The bad news: This means cancer cells with disordered packing are more likely to adapt to and evade treatments, such as chemotherapy. The good news: Now that researchers have this information, they can develop new cancer therapies that target chromatin packing. By inhibiting cancer cells’ ability to adapt, those cells become more vulnerable to traditional treatments.

“Cancer cells are masters of change,” said Northwestern’s Vadim Backman, PhD, who co-led the research. “They have to continuously adapt to evade the immune system, chemotherapies or immunotherapies. Abnormal chromatin packing drives cancer cells’ ability to do this.”

Backman is the Walter Dill Scott Professor of Biomedical Engineering in Northwestern’s McCormick School of Engineering and a professor of Biochemistry and Molecular Genetics, and of Medicine in the Division of Hematology and Oncology.

Backman, who is also the associate director for research technology and infrastructure at the at the Robert H. Lurie Comprehensive Cancer Center of Northwestern University, co-led the work with Igal Szleifer, PhD, the Christina Enroth-Cugell Professor of Biomedical Engineering, in McCormick, and of Medicine in the Division of Pulmonary and Critical Care, who is also a member of the Lurie Cancer Center.

Made of DNA, RNA and proteins, chromatin determines which genes get suppressed or expressed. In the case of cancer, chromatin can regulate expression of the genes that enable cells to become resistant to treatment.

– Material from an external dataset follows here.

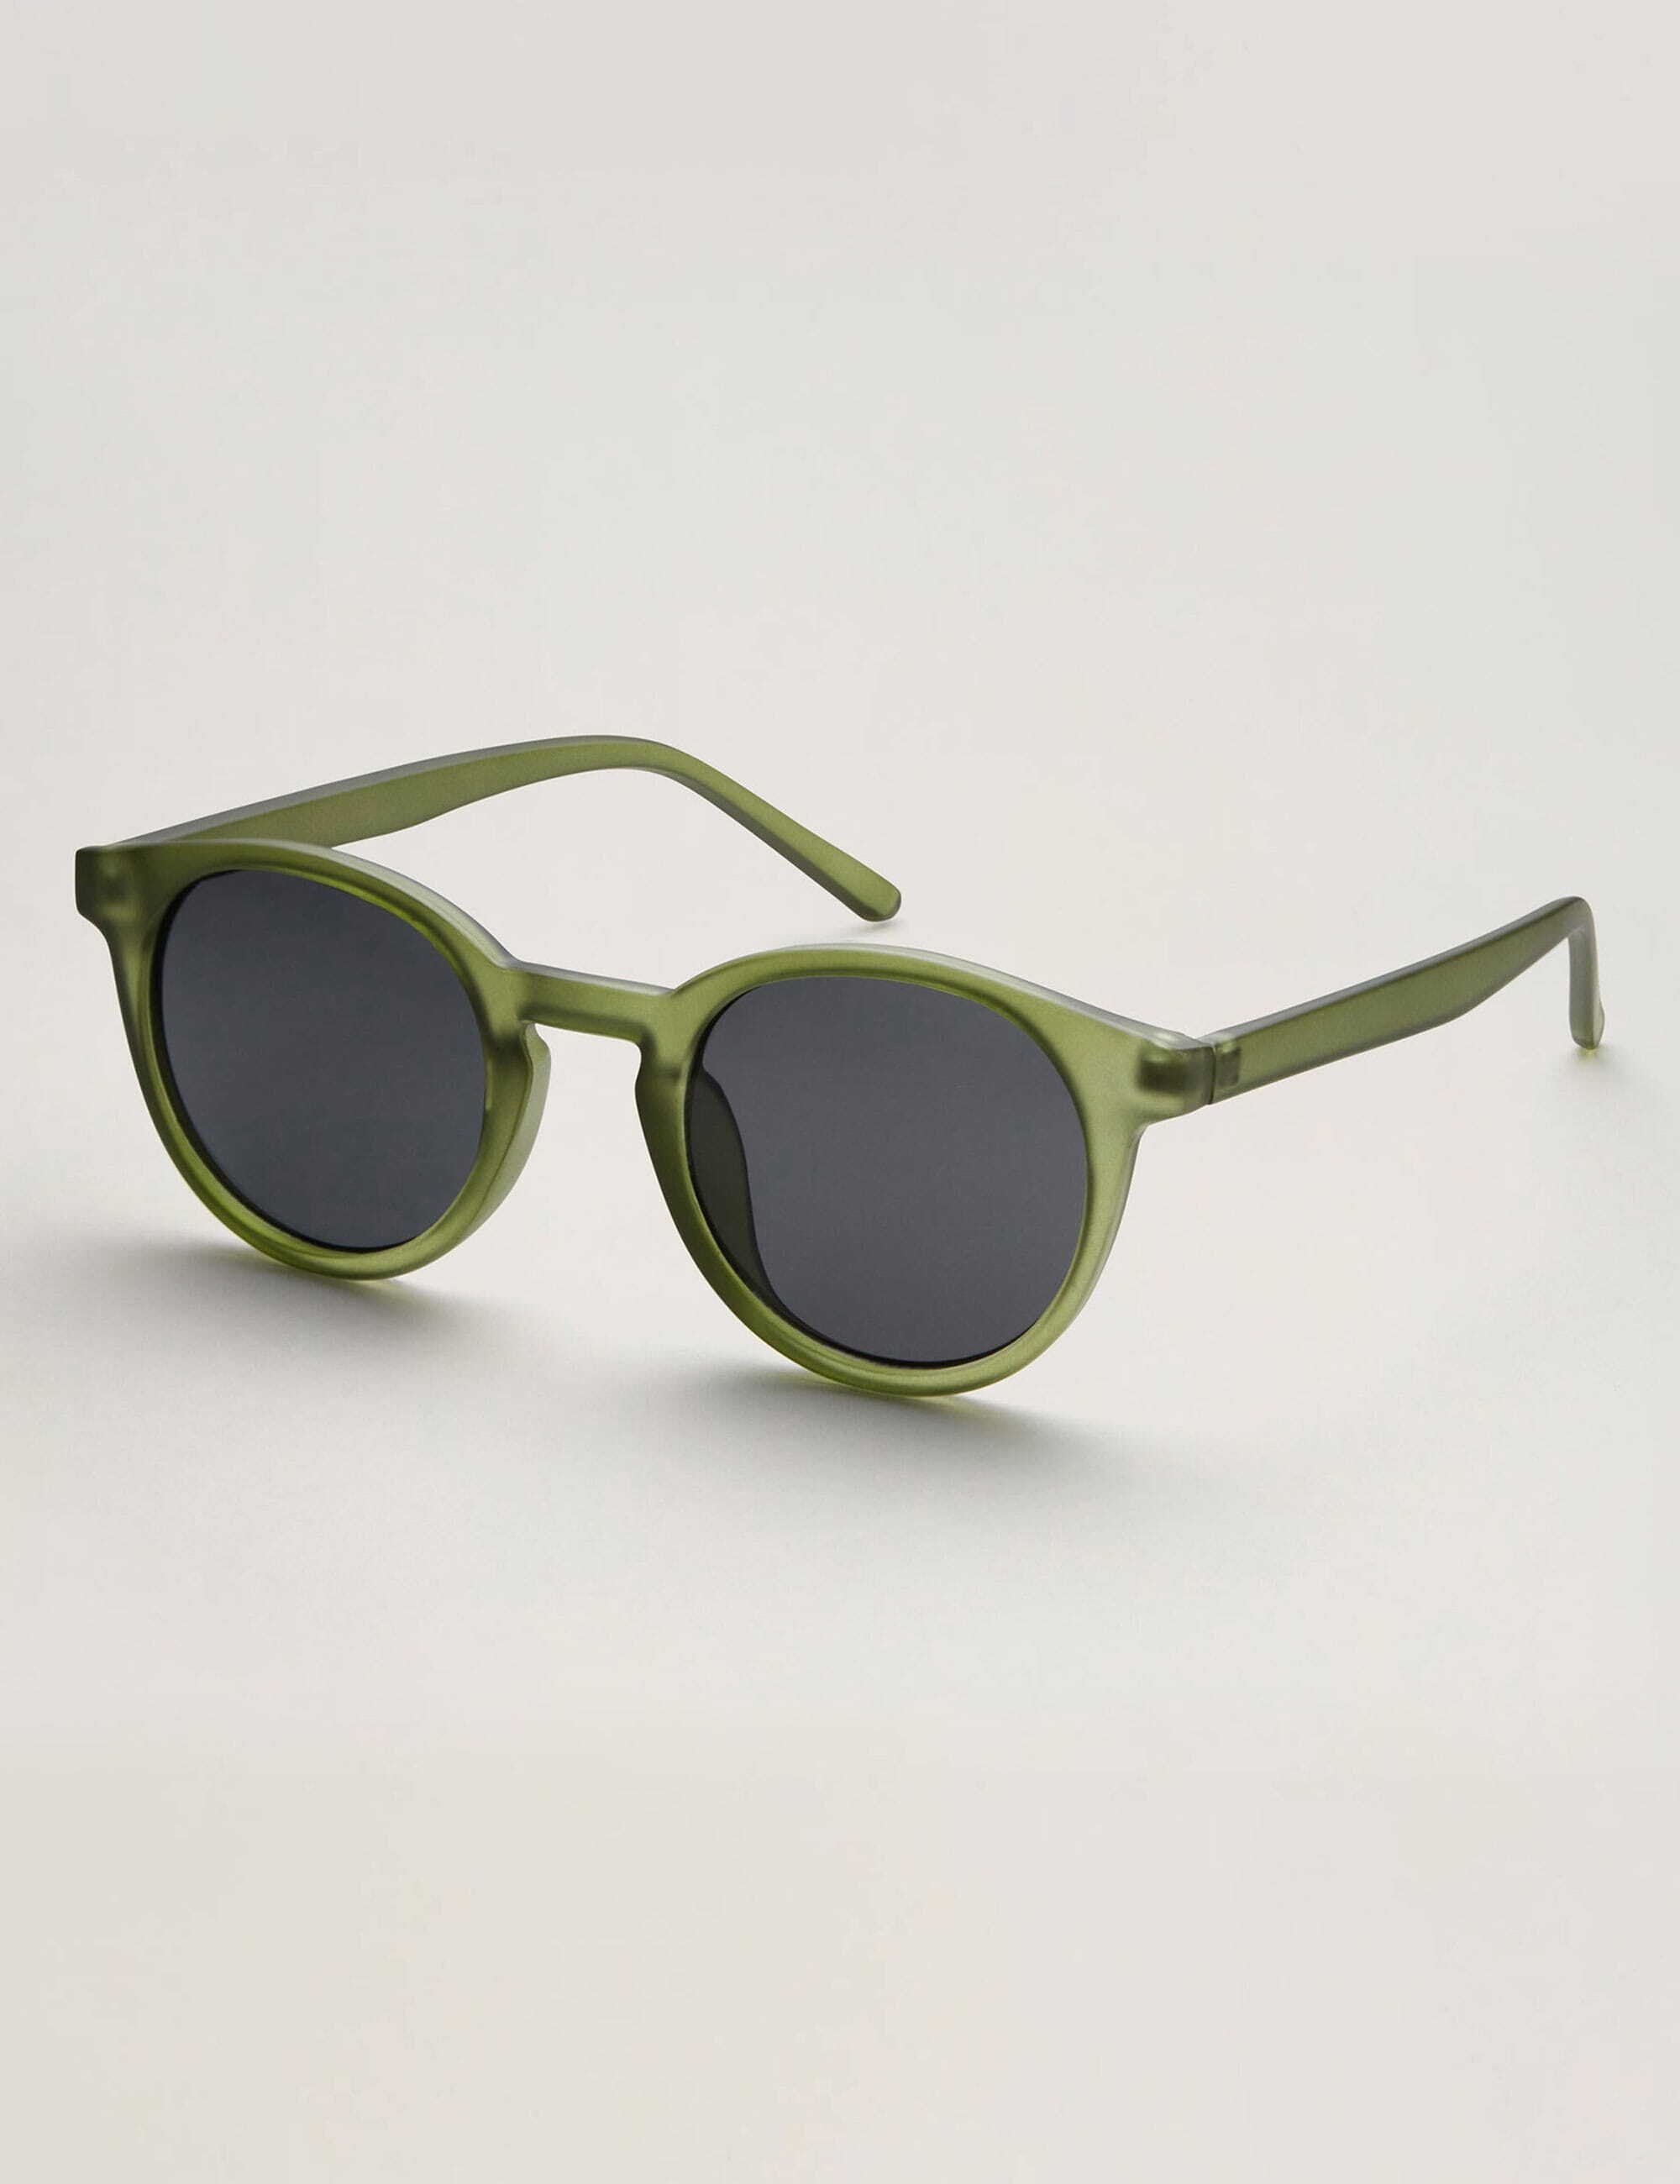 Sonnenbrille Sonnenbrille grün BabyMocs

“Genes are like hardware, and chromatin is software,” Backman said. “And chromatin packing is the operating system.”

“The genome has been sequenced, and techniques, such as CRISPR, now allow researchers to edit a cell’s ‘hardware,’” Szleifer added. “The role of chromatin structure on gene expression, however, has remained a scientific mystery.”

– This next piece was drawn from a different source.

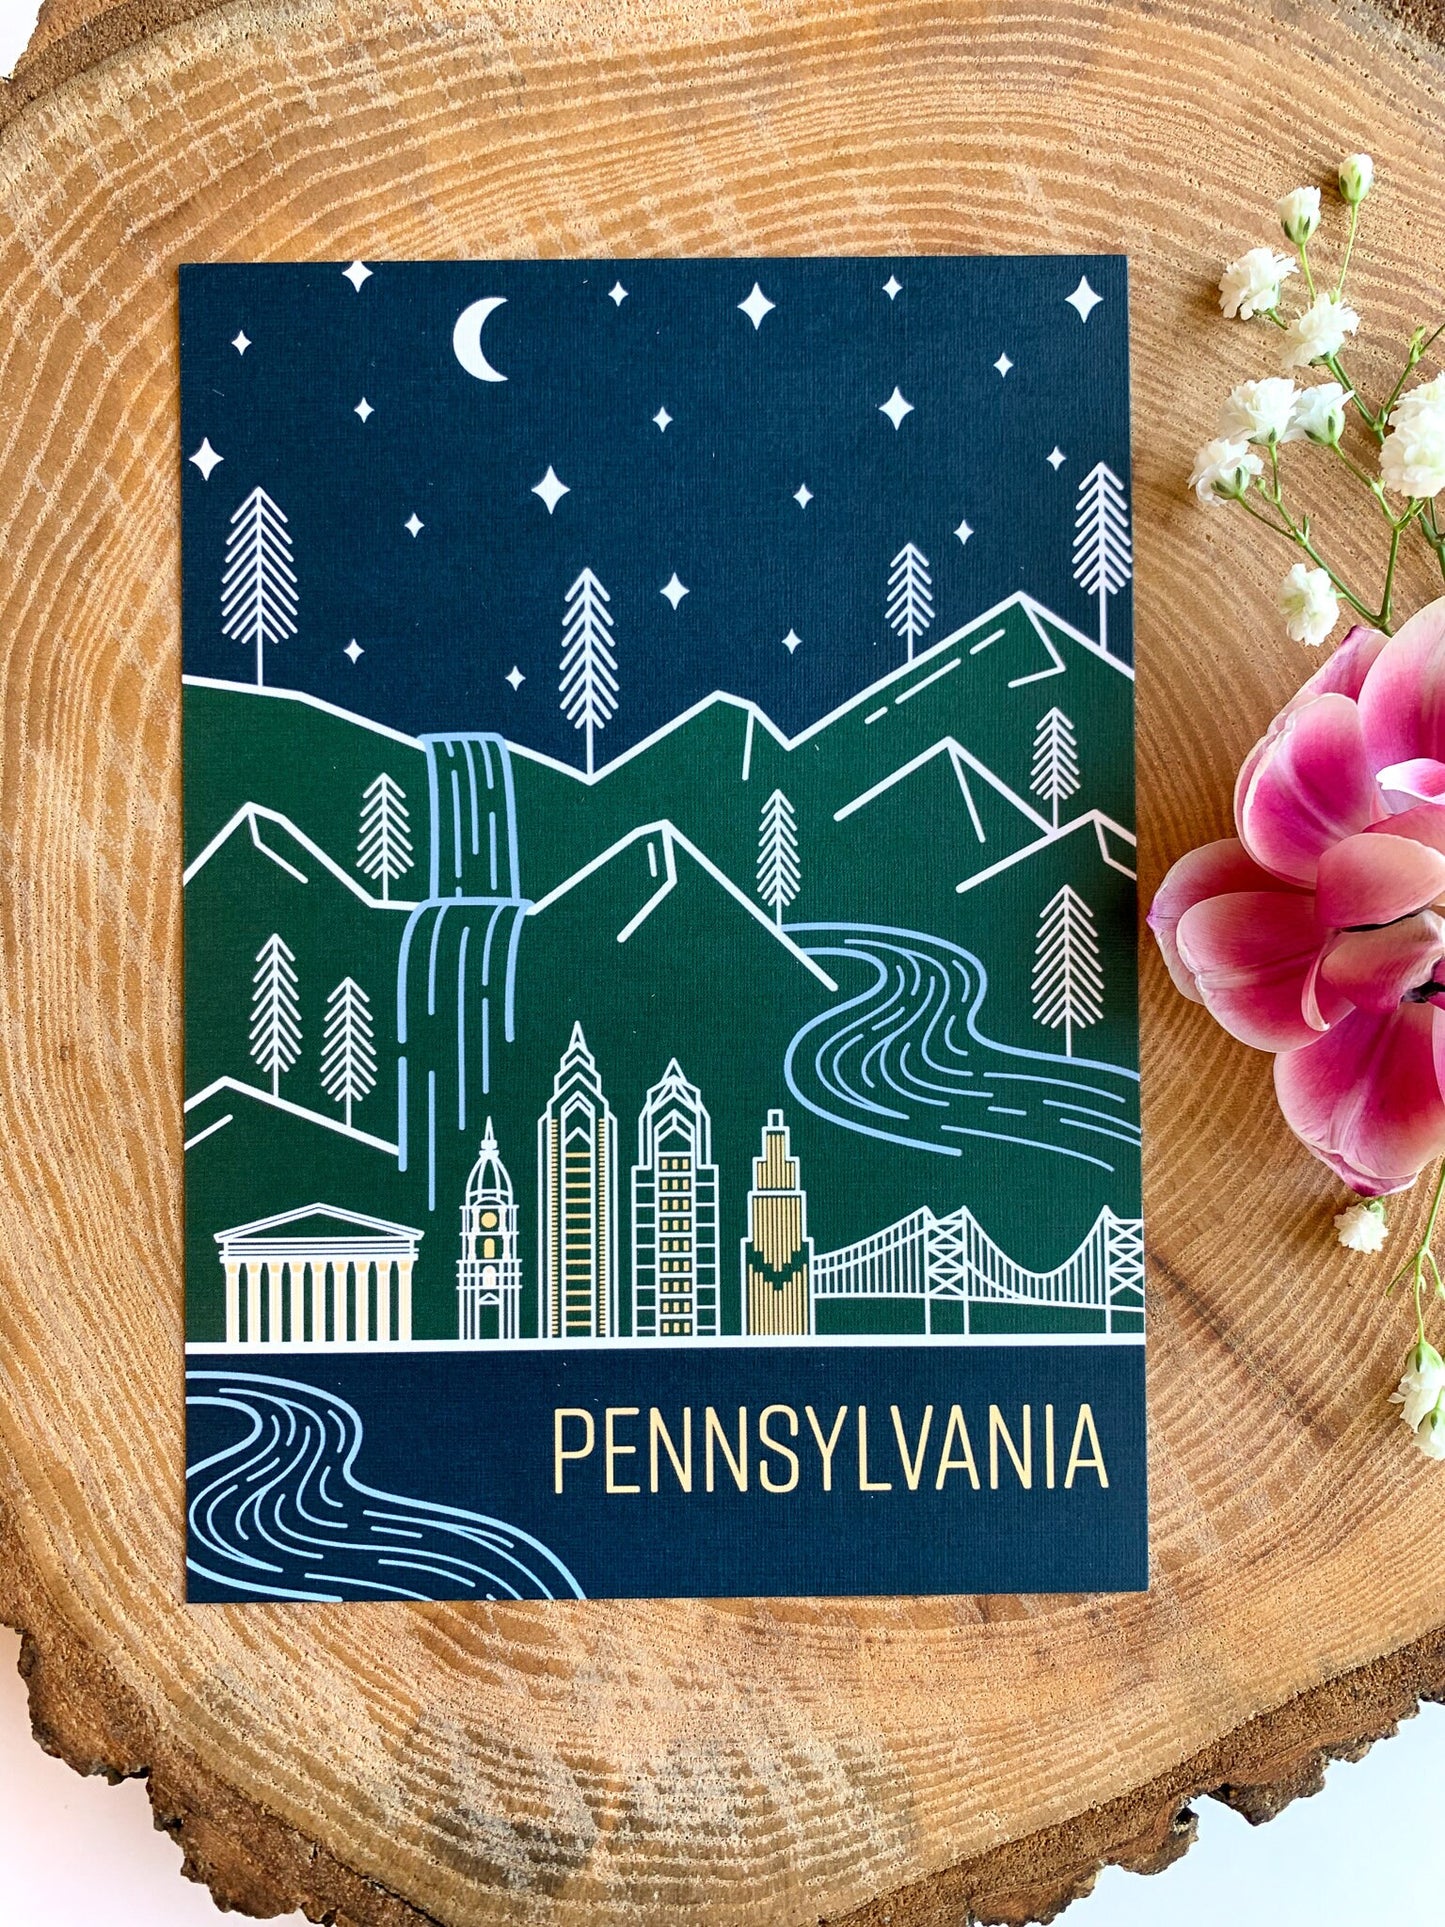 Pennsylvania State Travel Postcard

To help solve this mystery, Backman, Szleifer and their teams combined nanoscale imaging technologies with molecular dynamics modeling to analyze nanoscale alterations in chromatin packing structure.

Using data from The Cancer Genome Atlas, they analyzed cells from patients with colorectal, breast and lung cancers for markers of transcriptional plasticity. The researchers also used partial wave spectroscopic microscopy, which previously was developed in Backman’s laboratory, to examine chromatin in living cells in real time.

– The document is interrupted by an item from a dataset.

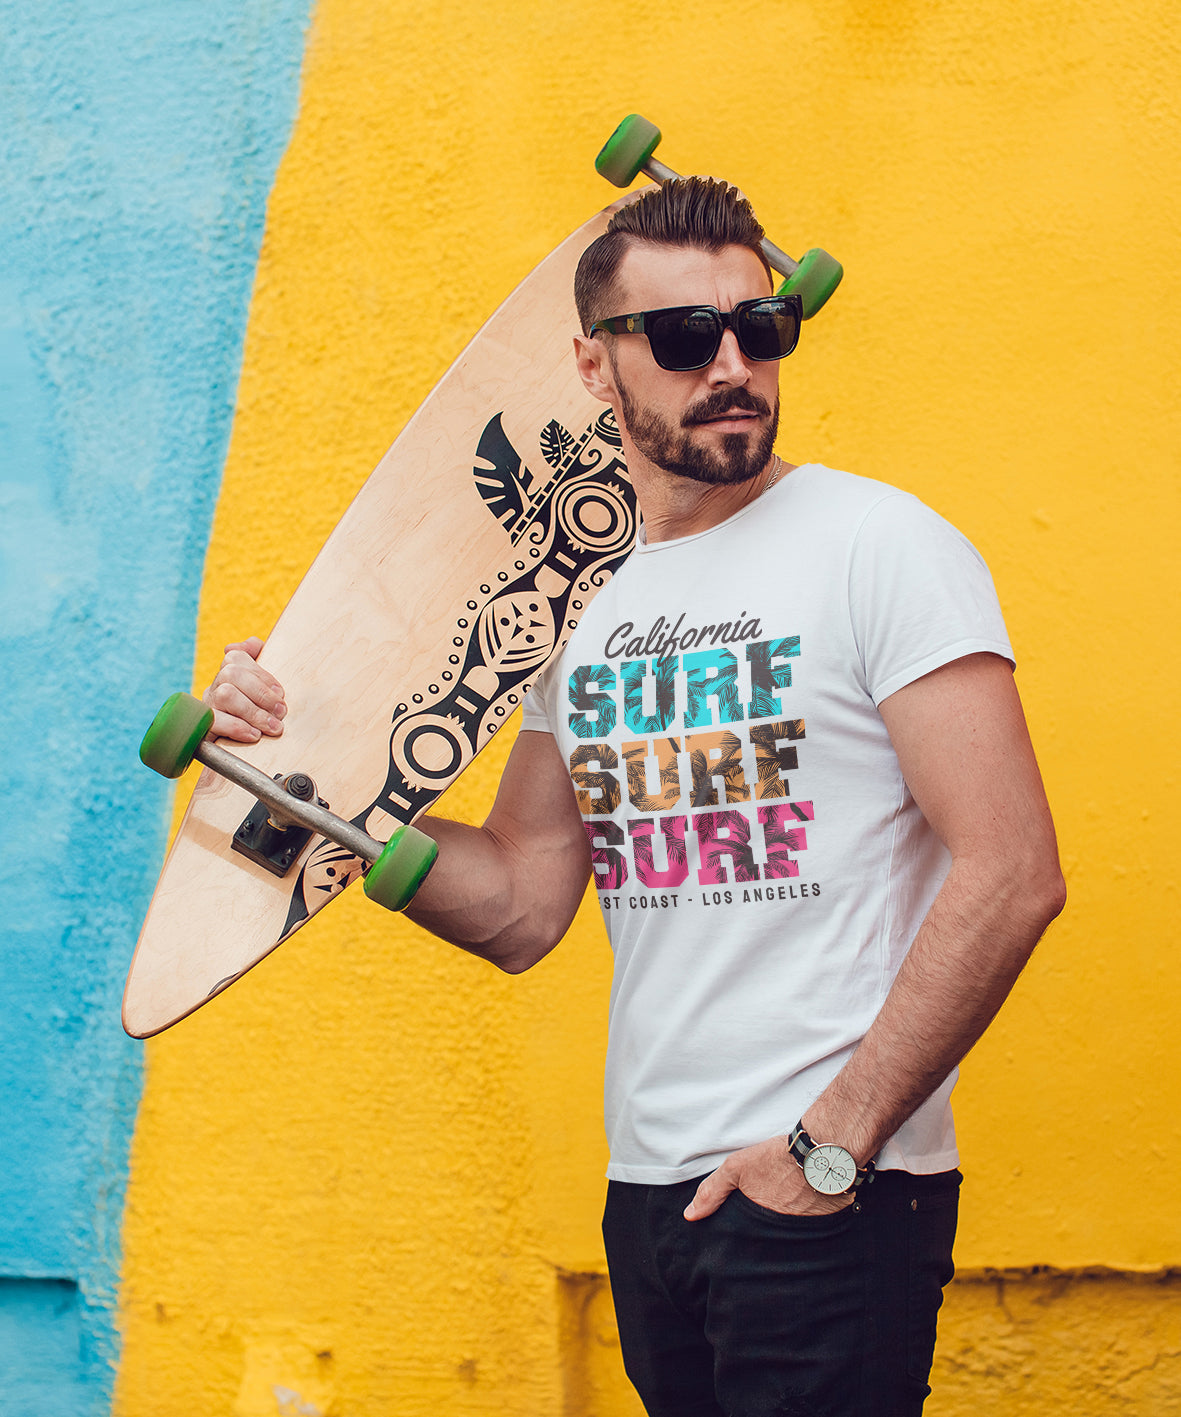 T-shirt "SURF, SURF, SURF"

The researchers discovered an inverse relationship between patient survival and the plasticity of tumor cells. Backman says that chromatin engineering opens the door for a new class of cancer therapies, which could re-wire cells’ “operating systems” to make them less plastic.

“We found that transcriptional plasticity and chromatin packing alterations are an important marker, which is indicative of how a cancer patient may respond to anti-cancer therapies, such as chemotherapy,” said Ranya Virk, the paper’s first author. “This can be translated into a new method of predicting outcomes of cancer therapy.”

The study was supported by the National Science Foundation (award number EFMA-1830961) and the National Institutes of Health (award numbers R01CA228272, R01CA225002, U54CA193419 and T32GM008152). Northwestern PhD candidates Ranya Virk, Wenli Wu and Luay Almassalha were the paper’s co-first authors.